As discussed above, however, plaintiff need not have had absolute control over Victory Park's finances in order to be held responsible, nor need she have had the final word over which creditors should be paid. Defendant has pointed to sufficient evidence showing that plaintiff, an accountant, exercised significant control over Victory Park's finances given that she audited its books and records, participated in ousting Clark and Marrie, oversaw the in-house bookkeeper, engaged in bookkeeping and accounting work, signed checks, and participated in terminating Greg Taylor.
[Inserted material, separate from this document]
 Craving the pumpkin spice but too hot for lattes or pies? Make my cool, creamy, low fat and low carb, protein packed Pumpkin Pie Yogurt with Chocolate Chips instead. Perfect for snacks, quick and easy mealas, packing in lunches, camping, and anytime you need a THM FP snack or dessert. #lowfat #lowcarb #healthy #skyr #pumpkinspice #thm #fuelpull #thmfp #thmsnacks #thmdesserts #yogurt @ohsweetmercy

Plaintiff asserts that "the vast majority of checks [she] signed were merely to transfer money among inter-company accounts... she did not prefer creditors over the United States by signing these checks." (Doc. 19 at 6) (See also plaintiff's reply brief wherein she states that a "significant portion of these checks involve intra-company transfers- not payments to third party creditors.") But, several of the checks, totaling about $160,000, serve to transfer funds from Victory Park's general account to its payroll account in order to issue paychecks to employees. Plaintiff testified that she knew when she signed these checks that the funds would not cover the associated withholding taxes and that past employment taxes remained unpaid. (pltf. depo. Vol. I 224-225) Thus, employees were preferred over past-due taxes. Additionally, a check in the amount of $50,000 transferring funds from Victory Park to Victoria Retirement Community, which could have been a loan to Victoria, was money which could have been used to pay the overdue taxes. Another check plaintiff refers to as an intra-company transfer is a check used to make a payment of $35,000 for overdue rent. (pltf. depo. 253-254) Again, plaintiff acknowledges that at the time she signed that check she "maybe" understood there were unpaid withholding taxes for the second quarter of 2002. (Id.) This too would be a payment to a creditor in preference to the taxes owed to defendant, even if the creditor is another company owned by plaintiff and her husband.
Plaintiff maintains that defendant provides no evidence that she was a director of Victory Park and she testified that she was unsure of who served as Victory Park's directors. Defendant, however, submits a letter that plaintiff admits she and her husband sent to Clark and Marrie in December 2001 regarding the latter's failure to make the withholding tax payments. The letter states that plaintiff and her husband had previously requested Clark's and Marrie's presence at a Board of Directors meeting, which was scheduled at plaintiff's and her husband's "earliest availability," but Clark and Marrie did not comply. This seems to indicate that the four were members of the Board of Directors. (Doc. 35 Ex. 46) Plaintiff also asserts that Mr. Grunspan, Clark, and Marrie were Victory Park's operating shareholders, while she was merely a minority shareholder. But, Clark and Marrie were forced out in early 2002, prior to the period at issue here.
Plaintiff also asserts that she did not hire or fire employees. But, the evidence shows that she participated in firing Greg Taylor and in forcing out Clark and Marrie.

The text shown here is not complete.